Emojis are making it harder for tech giants to track down online abuse


Abusive online posts are less likely to be identified if they feature emojis, new research suggests.

Some algorithms designed to track down hateful content – including a Google product – are not as effective when these symbols are used.

Harmful posts can end up being missed altogether while acceptable posts are mislabelled as offensive, according to the Oxford Internet Institute.

After England lost in the Euro 2020 final, Marcus Rashford, Bukayo Saka and Jadon Sancho received a torrent of racist abuse on social media, many featuring monkey emojis.

The start of the Premier League brings fears that more will follow unless social media companies can better filter out this content.

Many of the systems currently used are trained on large databases of text that rarely feature emojis.
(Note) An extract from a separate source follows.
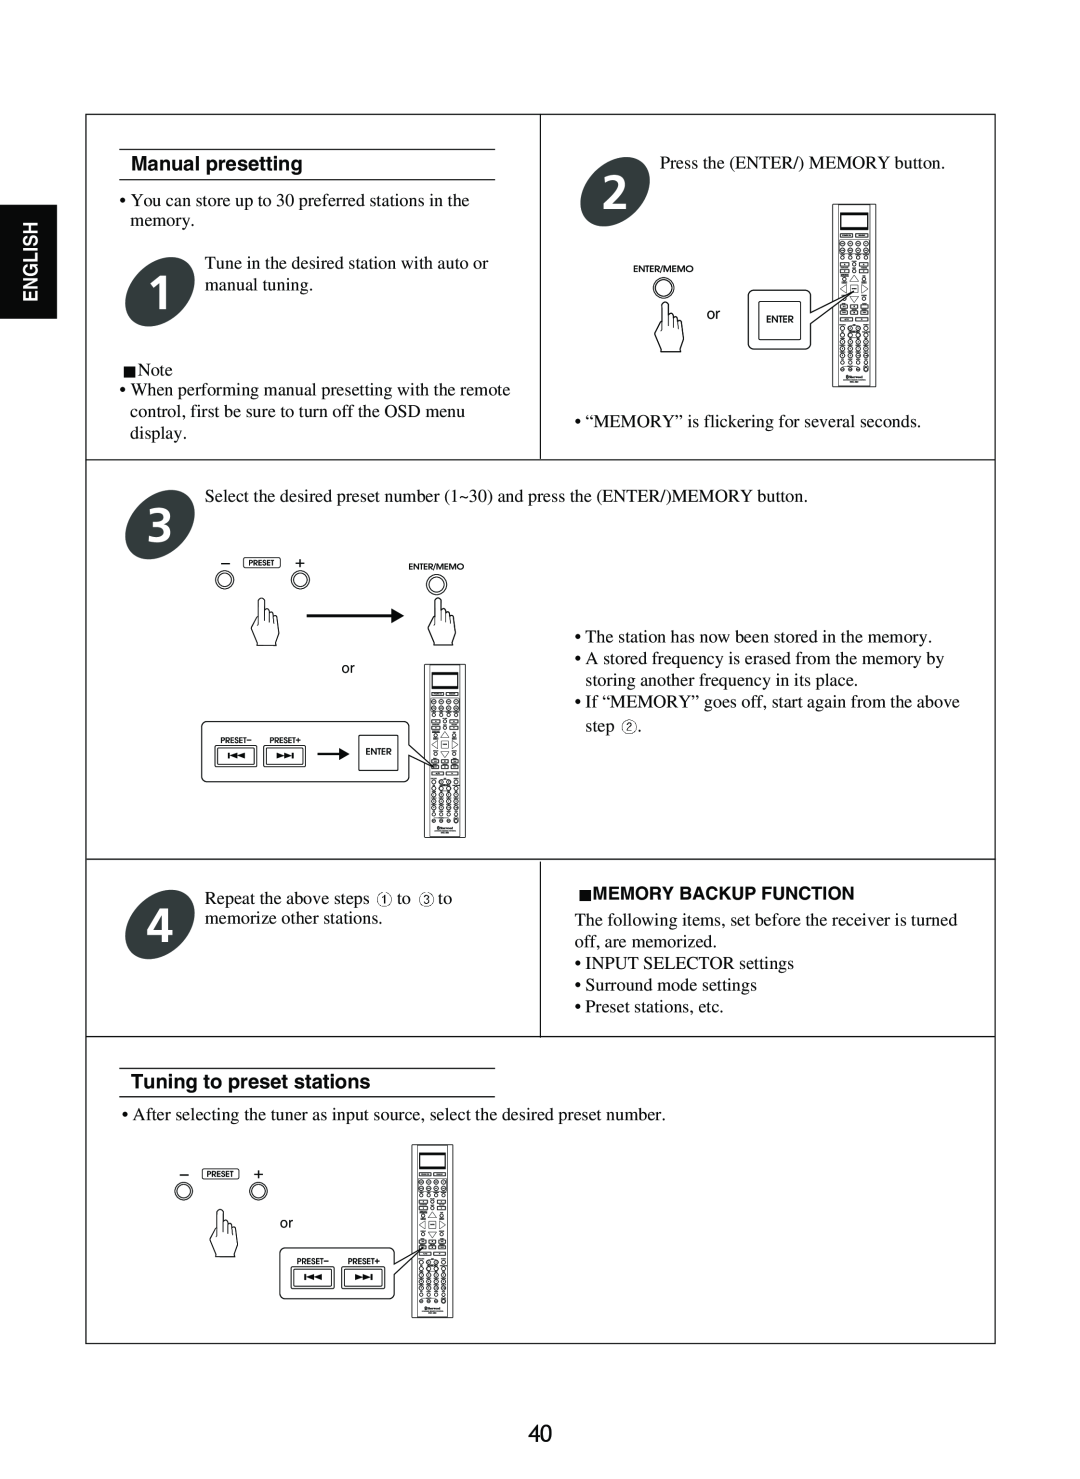 Sherwood R-865 manual Manual presetting, Tuning to preset stations, Memory Backup Function, English

They may struggle to work as well when they then come across the symbols posted online.

Sky News analysis showed Instagram accounts posting racist abuse that featured emojis were over three times less likely to be shut down, compared with those posting hateful messages that just contained text.

To help tackle this problem, researchers created a database of almost 4,000 sentences – most of which included emojis being used offensively.

This database was used to train an artificial intelligence model to understand which messages were and were not abusive.

By using humans to guide and tweak the model, it was better able to learn the underlying patterns that indicate if a post is hateful.

The researchers tested the model on abuse related to race, gender, gender identity, sexuality, religion and disability.

They also examined different ways that emoji can be used offensively. This included describing groups by an emoji – a rainbow flag to represent gay people, for example – and adding hateful text.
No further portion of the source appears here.